Eine unserer zentralen Forderungen ist die Verbesserung des Radwegenetzes in und um Holweide. Derzeit ist das Fahrradfahren bei uns noch wenig attraktiv, da kaum Radwege oder gar gute Radstrecken vorhanden sind. Würden mehr Menschen auf das Rad umsteigen (z.B. auch in Verbindung mit ÖPNV), könnte die Holweider Verkehrssituation aber deutlich verbessert werden.

Die Bezirksvertretung Mülheim hat die Verwaltung nun beauftragt, ein Radwegekonzept zu erstellen, das insbesondere Routen nach Bergisch Gladbach vorsieht.
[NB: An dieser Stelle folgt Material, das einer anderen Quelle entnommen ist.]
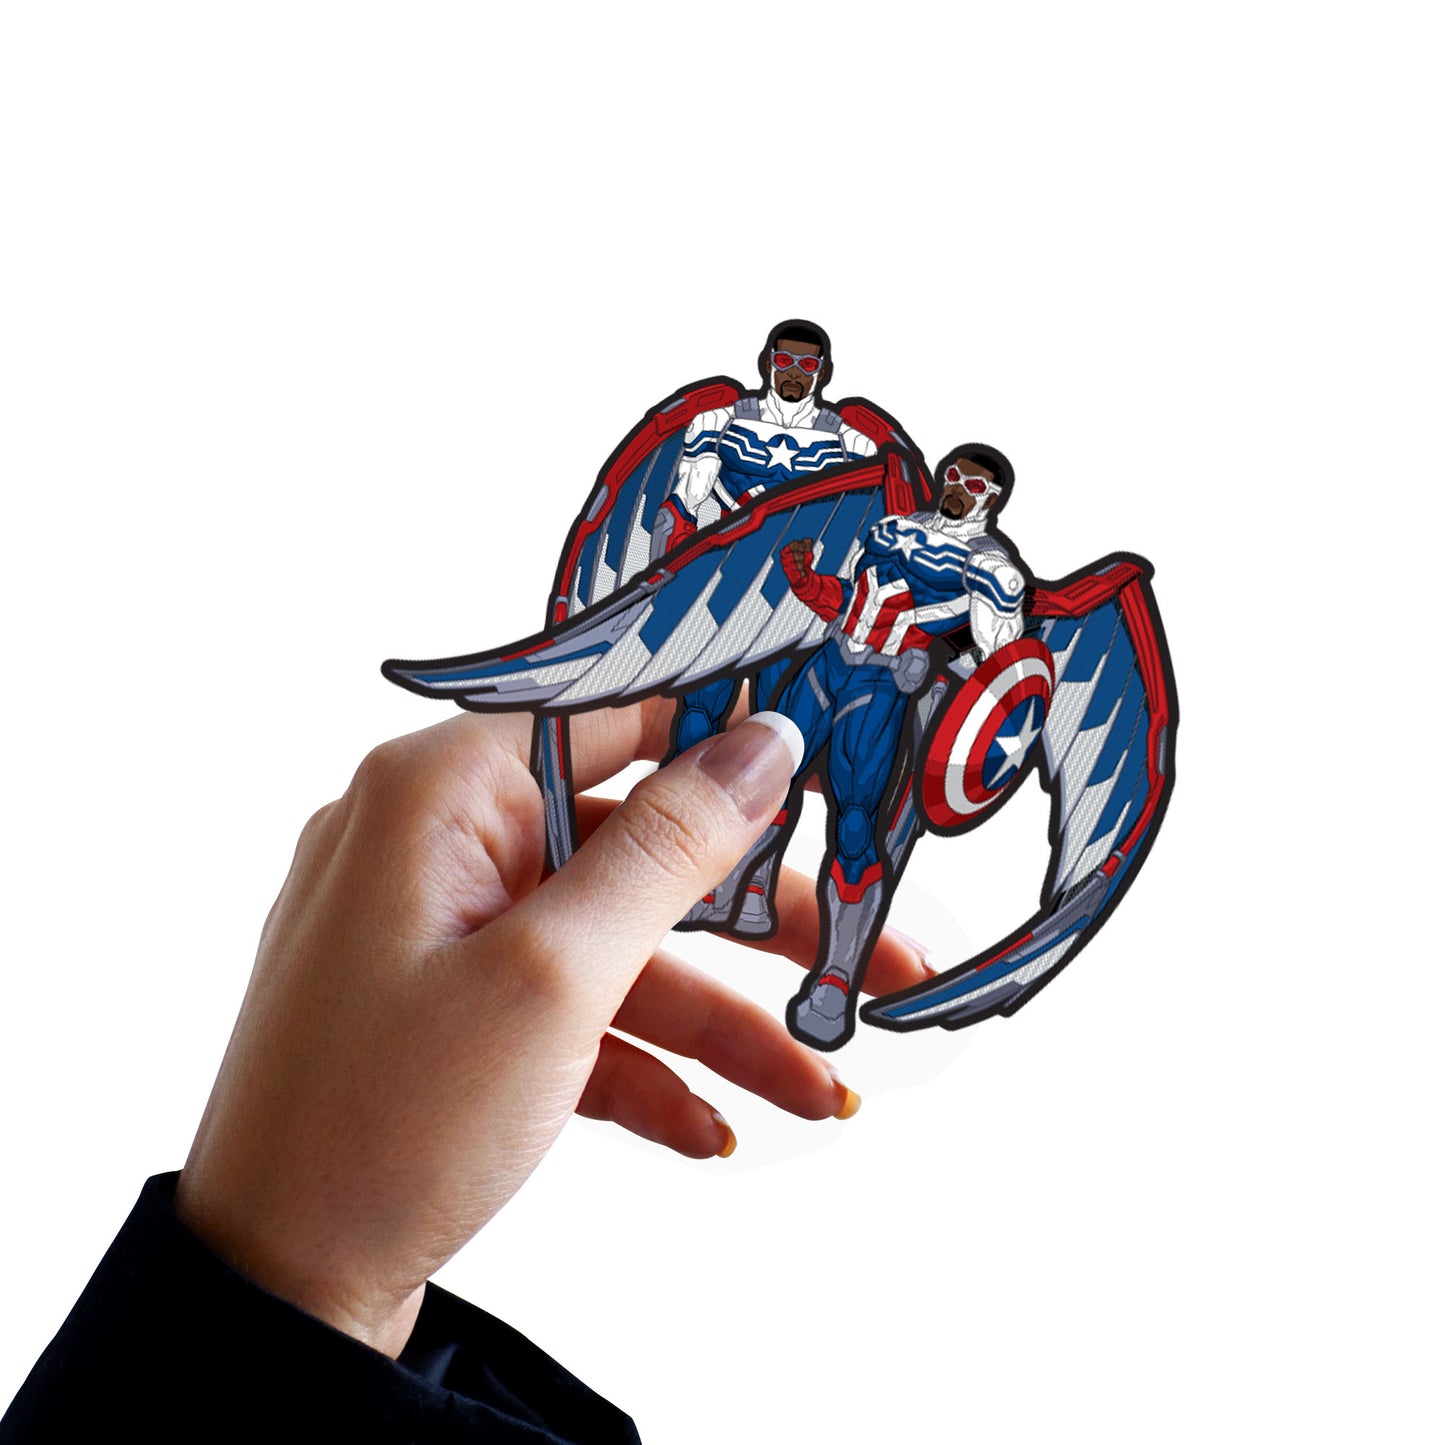 The Shield, Official Marvel Stickers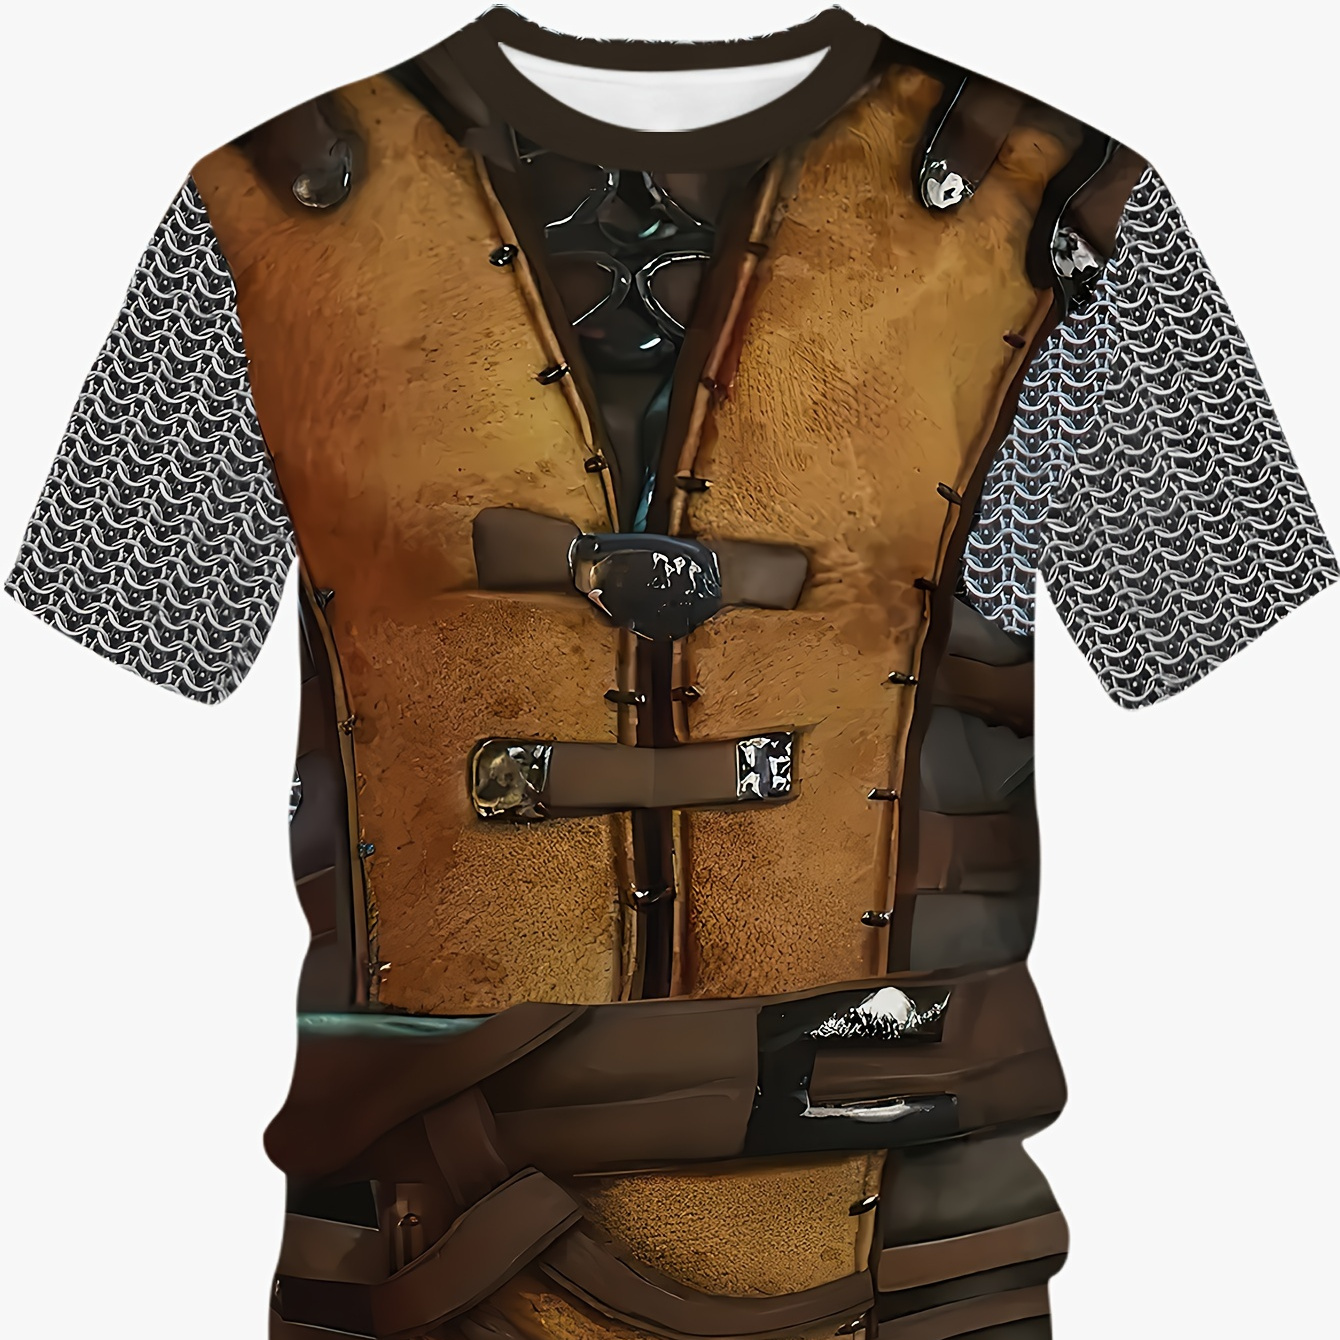 

Men's Novel And Stylish Medieval Suit Vest Like Pattern Print T-shirt With Crew Neck And Short Sleeve, Perfect Tops For Summer Outdoors Activities

Wir hoffen, dass dieses bald kommt und das Radfahren in Holweide und Umgebung voranbringt.


Niederschrift über die 15. Sitzung der Bezirksvertretung Mülheim in der Wahlperiode 2014/2020 am Montag, dem 30.05.2016, 17:00 Uhr bis 18:15 Uhr, Bezirksrathaus Mülheim, VHS-Saal, Wiener Platz 2a, 51065 Köln

8.1.1 gemeinsamer Antrag der Fraktion Bündnis 90/Die Grünen und der SPD-Fraktion Radwegekonzept für den Stadtbezirk Mülheim (Quelle: Ratsinformationssystem)

Frau Schlömer erläutert nochmals mündlich das dringende Erfordernis des Konzepts, um auch eine deutliche Entlastung des PKW-Verkehrs zu erlangen.

Beschluss (einstimmig beschlossen)

Die Verwaltung wird beauftragt, ein Radwegekonzept für den Stadtbezirk Mülheim zu erstellen, insbesondere unter Berücksichtigung von Velo-Routen nach Bergisch Gladbach und Leverkusen, deren Anknüpfungspunkte im Radwegekonzept Innenstadt bereits skizziert sind.

Begründung:
Gemäß der Studie „Köln mobil 2015“ soll der Anteil des sog. Umweltverbundes (ÖPNV, Rad- und Fußverkehr) deutlich ausgebaut werden. Dies ist nur möglich, wenn neben einer Attraktivierung des ÖPNV die Rahmenbedingungen für Radfahrer und Fußgänger deutlich verbessert werden. Der Ausbau des Radwegenetzes ist eine sinnvolle Ergänzung zum ÖPNV-Ausbau und kann mit dazu beitragen, die heute vom Pendlerverkehr stark belasteten Straßen zu entlasten.

BV-Beschluss: Alternierendes Parken auf der Piccoloministraße

Auf der Piccoloministraße wird häufig sehr schnell gefahren – nun hat die Bezirksvertretung Mülheim die Verwaltung beauftragt, alternierende Parkabstände und eine Tempo 30 Einzelbeschilderung umzusetzen. Damit soll der Verkehr beruhigt werden.


Niederschrift über die 14. Sitzung der Bezirksvertretung Mülheim in der Wahlperiode 2014/2020 am Montag, dem 11.04.2016, 17:05 Uhr bis 19:15 Uhr, Bezirksrathaus Mülheim, VHS-Saal, Wiener Platz 2a, 51065 Köln

9.1.1 Einrichtung Alternierendes Parken sowie Einrichtung Einzelbeschilderung Piccoloministraße (Quelle: Ratsinformationssystem)

Beschluss (einstimmig beschlossen)

Die Bezirksvertretung Mülheim beauftragt die Verwaltung, die Einrichtung von alternierenden Parkständen im Bereich der Piccoloministraße zwischen Honschaftsstraße und Buschfeldstraße entsprechend der vorgelegten Planung sowie die Einrichtung einer Tempo 30 Einzelbeschilderung umzusetzen.